I’ve been toying with XMetaL on Linux and Wine, with varying degrees of success. It’s quite obvious that the XMetaL/Wine/Linux combo isn’t ready for prime time just yet, but it’s so close.
I’ve had some interesting problems along the way, most importantly that the Save As function isn’t reliable. Or rather, it doesn’t work with relative paths. If you want to save a file, but only enter a filename in the dialog, XMetaL says things like “File is read-only” or “File doesn’t exist”. A little investigating shows that the save component is unable to fill in the correct path to the file, and therefore cannot find the location. This problem is cured by entering a Windows-like path to the file, for example, D:myfile.xml. (Note that your home directory is D: in Wine.)
The absolute path problem can be a character encoding problem (for example, the save component could very well use some weird Windows keymap scheme instead of pure Unicode; XMetaL is supposed to run on Windows 98, an OS not known for its Unicode capabilities) but there are other variables in the equation, too. For one, I suspect that Wine’s file path translation also matters.

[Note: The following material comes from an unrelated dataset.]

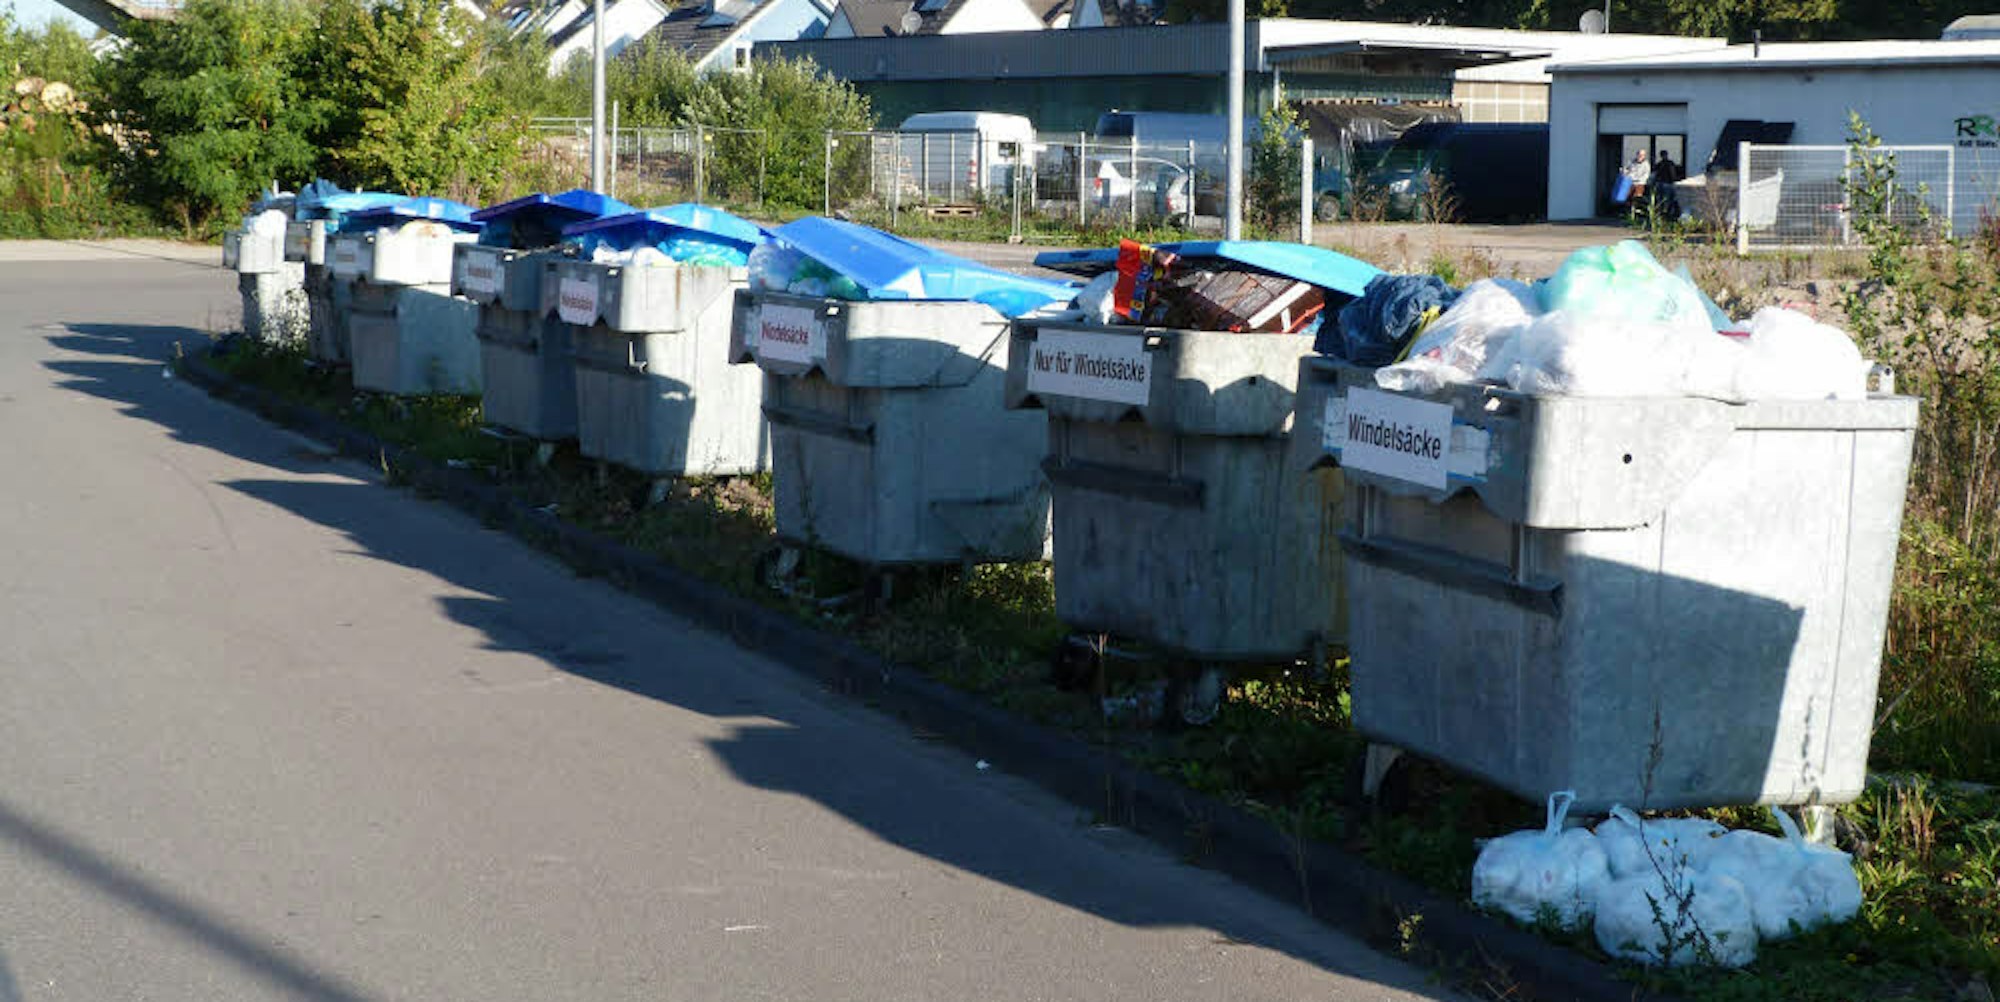 Schandfleck: Die frei zugänglichen Müllcontainer vor dem Bauhof sollen verschwinden. Wipperfürther Bürger sollen künftig zu bestimmten Zeiten dreckige Windeln im Bauhof entsorgen können.

A lesser, but still annoying, problem is that a saved XMetaL window size (when starting the application) doesn’t work at all if you’ve set Wine to Windows 98 mode. It works more often in Windows 2000 or XP modes, but not every time, which I don’t understand at all. Also, XMetaL forgets the view mode (tag view, normal view, etc), for some reason, not necessarily the same.
On the other hand, I’ve successfully been able to use (most parts of) X4, an XMetaL authoring environment that we developed at Information & Media a few years ago. This is good news since while I can live with writing in OpenOffice, it doesn’t beat a real XML editor with a decent authoring DTD and environment.
I expect that Wine 1.0, when out, can solve some of the current problems. I’ll keep you posted.